Гавана, какое блаженство приехать,
Гавана, и снова гулять по твоим площадям.
Гавана, ты даже в изгнанье со мною.
Гавана, когда же опять я увижу тебя?
Оператор, куривший снаружи сигарету «популарес», едва успевает перебежать на другую сторону улицы. Оттуда ему удается разглядеть торчащую из-под обломков руку девушки. Он бежит к развалинам, кричит, зовет на помощь; приезжают пожарные, несколько машин «скорой помощи». Первым извлекают труп журналистки. Она была ближе всех к поверхности.
(Так все и случилось. Ты не представляешь, сколько слез ты заставила меня пролить, над этой историей. Боже праведный, всемилостивая Йемайя, неужели вы ничегошеньки не могли для нее сделать! Теперь ее бедная мать умрет от инфаркта миокарда. Всенародный траур, национальная трагедия. Столько ударов судьбы! Да, не мудрено, что она потеряла связь с реальностью. А ведь ей так хотелось, чтобы все сложилось иначе. Но, черт побери, иначе быть не может, потому что не может быть никогда. Никому не под силу обмануть судьбу. А мне и вправду так хотелось, чтобы у нее все сложилось хорошо.)

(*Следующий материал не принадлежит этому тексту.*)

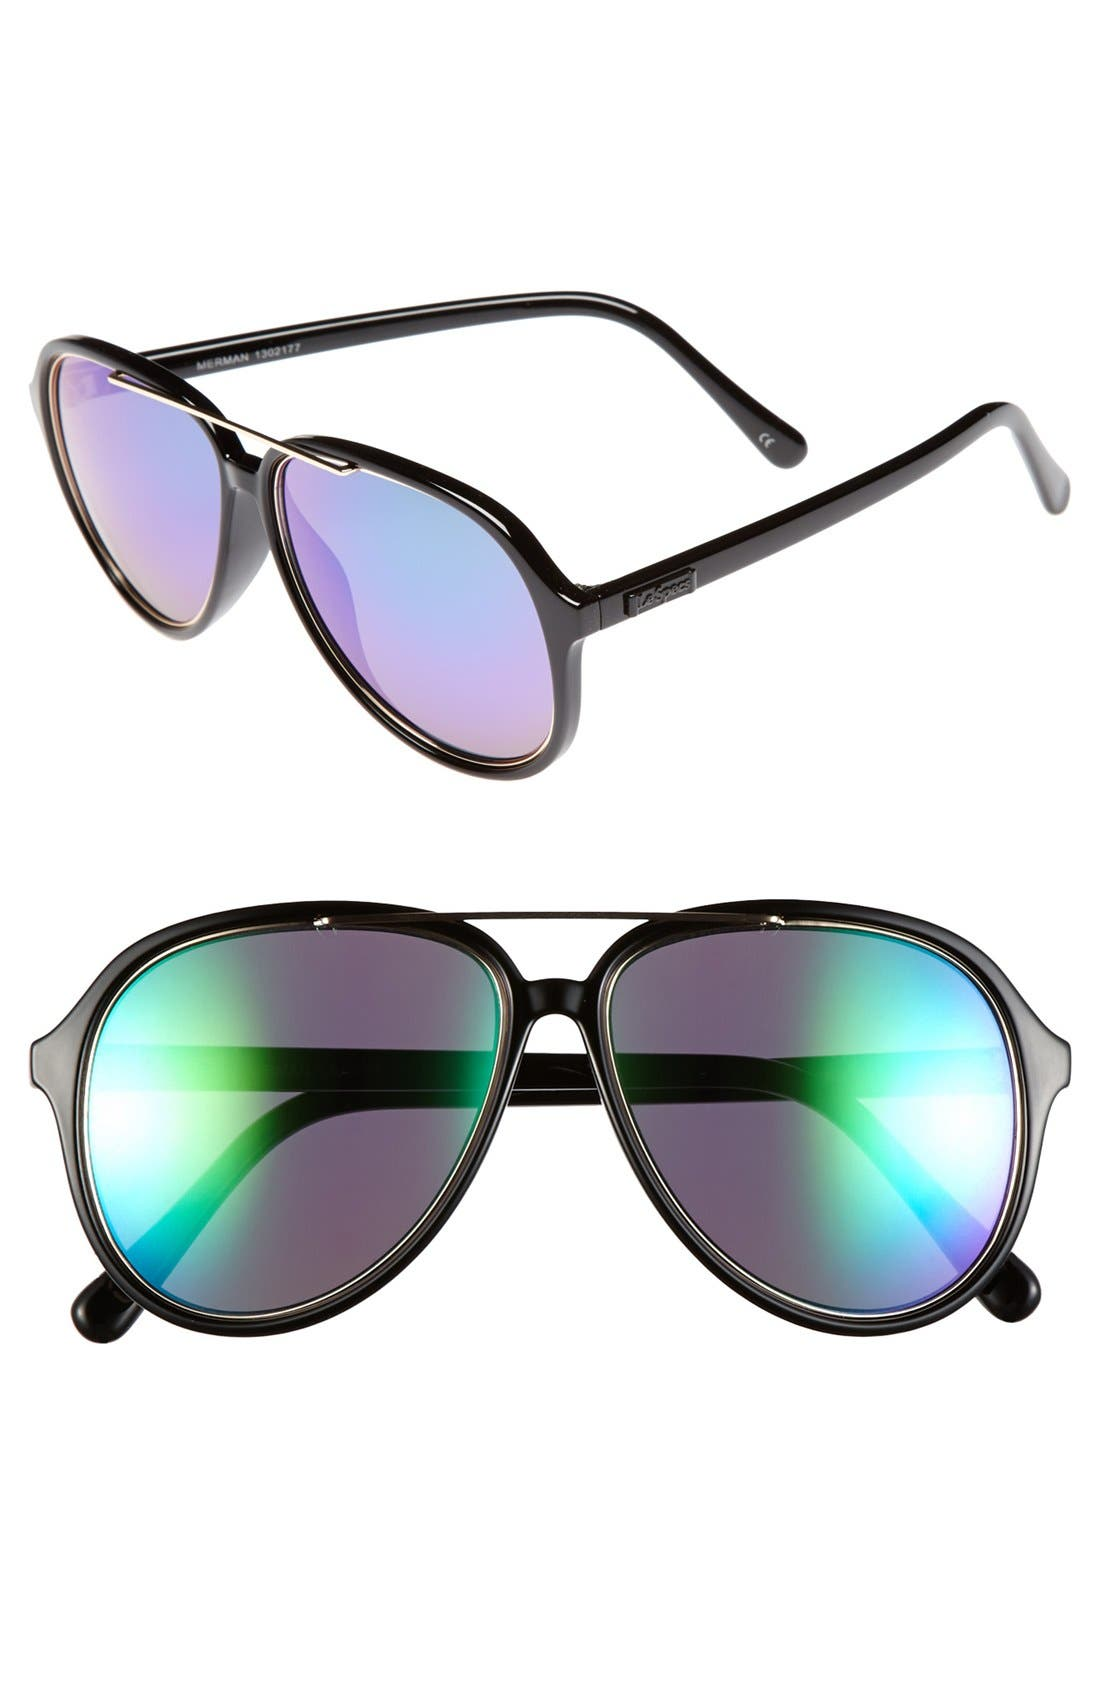 Main Image - Le Specs 'Merman' 58mm Aviator Sunglasses

В этом вы с покойной солидарны. Как и всякий человек, она не хотела умирать, особенно теперь, когда перед ней открылись удивительные горизонты, когда она только-только познакомилась с отцом. Но такова жизнь – нечто вроде «Ветреного романа», венесуэльского телесериала. Кстати, о венесуэльских телесериалах. Почему бы нам ее не оживить? В венесуэльских сериалах такое происходит по первому желанию сценариста. Почему снова не ввести ее в действие? Думается, она не станет возражать.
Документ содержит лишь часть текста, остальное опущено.